1. Technical Field
The present invention relates generally to an improved data processing system and in particular to a method and apparatus for an improved bus architecture in a data processing system. Still more particularly, the present invention relates to an improved method and apparatus for transferring data between devices on different buses within a data processing system.
2. Description of the Related Art
The use of a microprocessor and its associated bus architecture in a computer system is well known. Also well known is the coupling of peripheral components onto a bus for providing various other functions related to the computer system. Some examples of such devices are disk drives, disk drive controllers, graphics accelerators, audio cards, modems and network connections. Generally, these peripheral components are coupled to a system component bus, also referred to as a "secondary bus", for effecting data transfer between various components. Typically, with simpler computer systems, the data transfer is between the peripheral device and either the processor (CPU) or main memory.
In high performance computer systems, peripheral component interconnect (PCI) buses are often employed.
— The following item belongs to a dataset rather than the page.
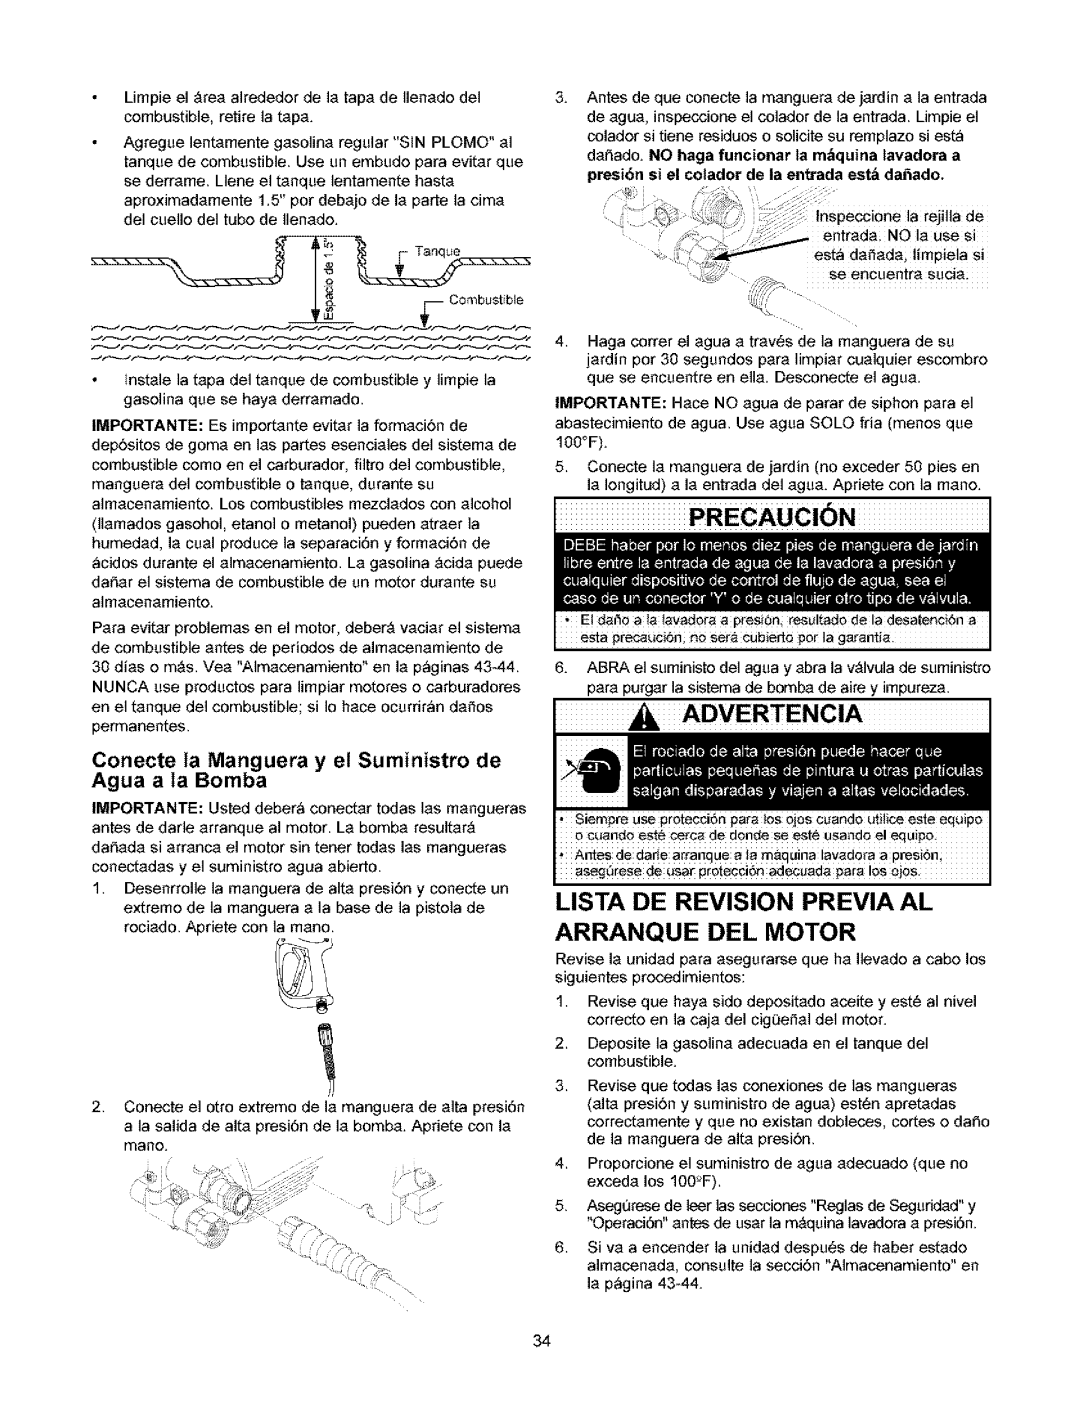 Craftsman 580.753 manual Lista De Revision Previa Al Arranque Del Motor, Precaucion

The PCI bus is a high performance expansion bus architecture that was designed to replace the traditional ISA bus (Industry Standard Architecture bus) and EISA bus (Extended Industry Standard Architecture bus) buses found in many X86 based personal computers. A group of companies (including Intel, IBM, Compaq, DEC, Dell, NEC, etc.) cooperated in preparing and publishing a standard specification for the PCI bus. The specifications for the PCI bus is available from the PCI Special Interest Group, 5200 Elam Young Parkway, Hillsboro, Oreg.
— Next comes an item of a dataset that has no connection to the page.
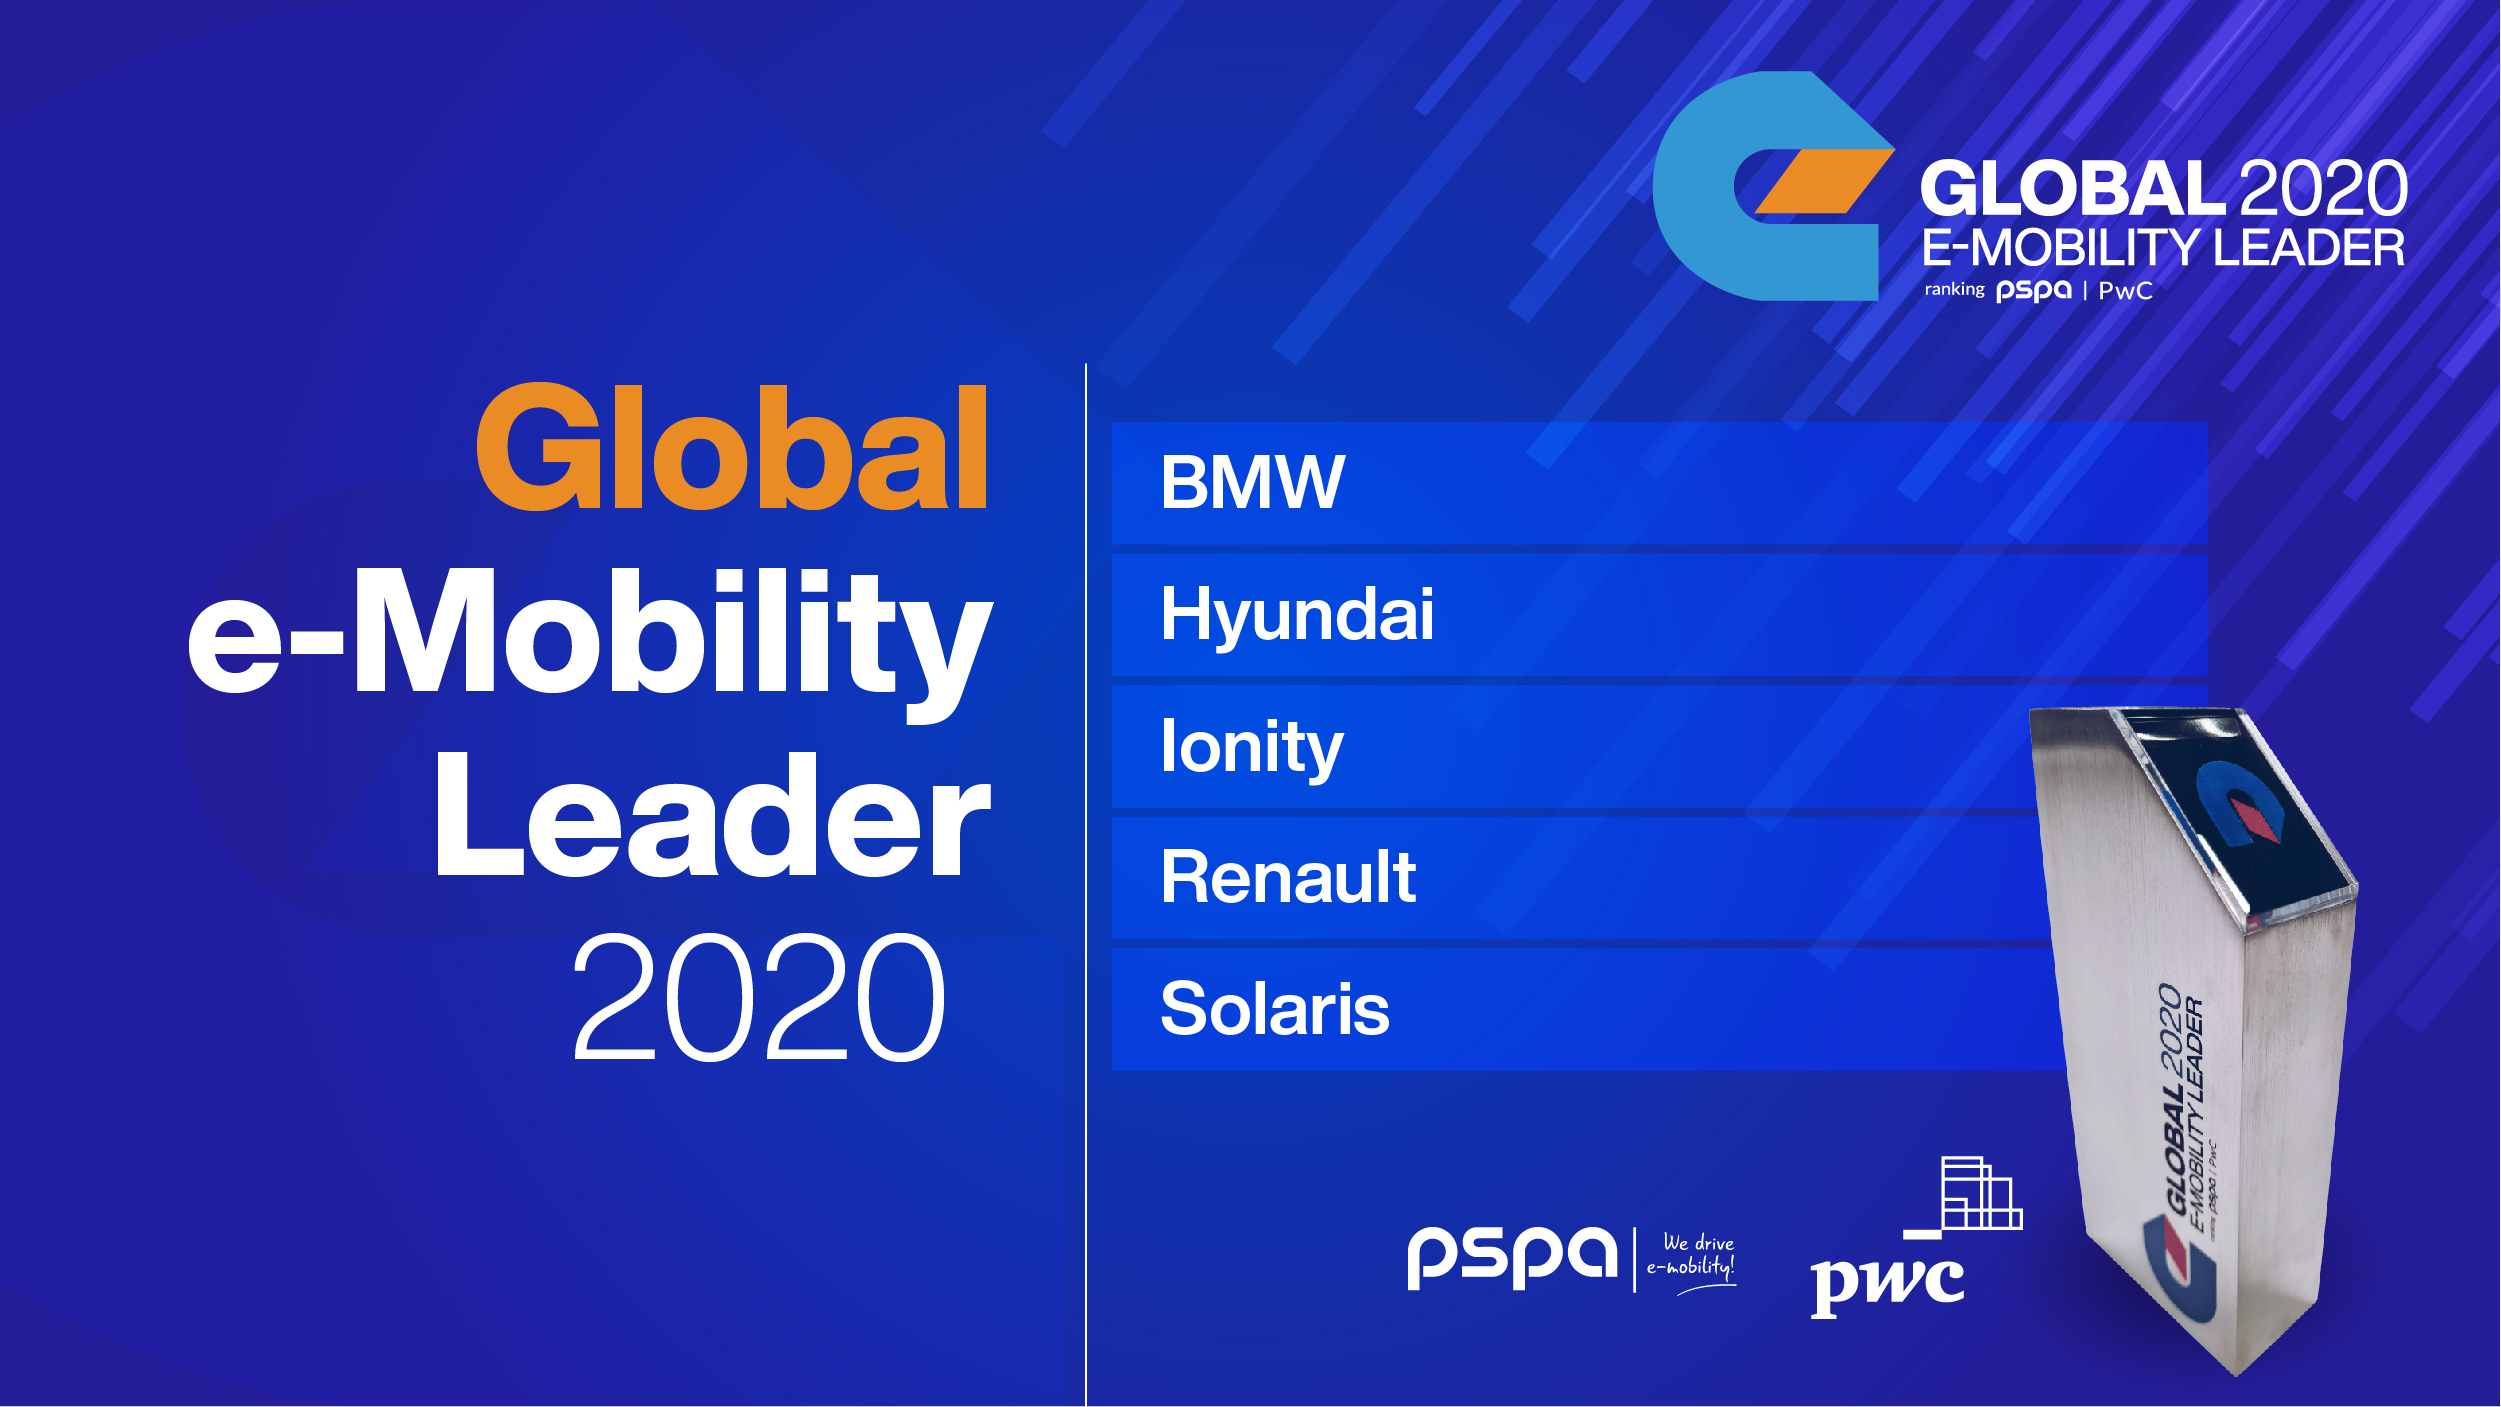 Global e-Mobility Leader - Lider Elektromobilności

In expanding the capacity of standard PCI, a "bus bridge", also referred to as a "PCI-to-PCI bridge", is employed. The primary function of such a bus bridge is to allow transactions to occur between a master device on one PCI bus and a target device on the other PCI bus. In this manner, the bus bridge provides system and adapter card designers an ability to overcome an electrical loading limits inherent in a standard PCI bus. A bus bridge has two interfaces, a primary interface and a secondary interface. The primary interface is the PCI interface of the bus bridge that is connected to the PCI bus closest to the central processing unit (CPU). The secondary interface is the PCI interface of the bus bridge that is connected to the PCI bus that is farthest from the CPU. Under the PCI bridge specifications, each of the interfaces are capable of either a master or target operation. With respect to the bus which initiates an operation, the bus bridge functions as a target on behalf of the target device that actually resides on the target bus. Likewise, with respect to the target bus, the bus bridge functions as a master on behalf of the master device that actually resides on the initiating bus.
In FIG. 1, a block diagram of a known data processing system architecture is illustrated. Data processing system 100 is a data processing system following the Intelligent Input/Output (I.sub.2 O) Architecture Specification, version 1.5, March 1997 available from the I.sub.2 O Special Interest Group. The specification describes an open architecture for developing device drivers in network system environments. The architecture is independent of the operating system (OS), processor platform, and system I/O bus.
Data processing system 100 is an example of an intelligent input/output (I.sub.2 O) architecture which includes a host central processing unit (CPU) 102 which could be a Pentium processor that is available from Intel Corporation located in Santa Clara, Calif. In an I.sub.2 O architecture, the host CPU 102 is responsible for running the various operating system modules (OSMs). In this example, the primary bus 104 is a PCI bus and provides communication between the host CPU 102, an input/output processor (IOP)/PCI bridge 106 and IOP 108. The IOP/PCI bridge 106 is intended to be a I.sub.2 O core compliant device such as Intel's i960. The IOP/PCI bridge 106 also contains a PCI-to-PCI bridge which bridges the primary bus 104 to the secondary bus 110, which in this example is also a PCI bus. Adapter #1 112 and adapter #2 114 are also attached to the secondary bus 110. Adapters 112 and 114 are non-intelligent, meaning that they contain no processor, and are reliant on external processing power to run their device drivers, or hardware driver module (HDM) in I.sub.2 O terminology. In this example, both of these adapters' (112 and 114) HDMs are actually running on the IOP/PCI bridge 106. IOP 108 is an example of an I.sub.2 O shell compliant device and is an intelligent adapter such as Symbios' SYMFC920. IOP 108 is specifically designed as an integral part of adapter #3 and is responsible for running adapter #3's HDM.
In a data processing system, such as the example system described in FIG. 1, in which there resides an IOP/PCI bridge and one or more additional IOPs it would be prudent to architect the system in such a way as to utilize more than one IOP on a given I/O transaction. Although bus bridges solve electrical loading limits inherent in standard PCI buses and I.sub.2 O offloads many I/O related tasks from the host CPU down to the various IOPs, there are still architectural issues when dealing with multiple inter-operating IOPs. Therefore, it would be advantageous to develop a simple method for allowing IOPs to inter-operate, share resources and distribute the workload in such systems.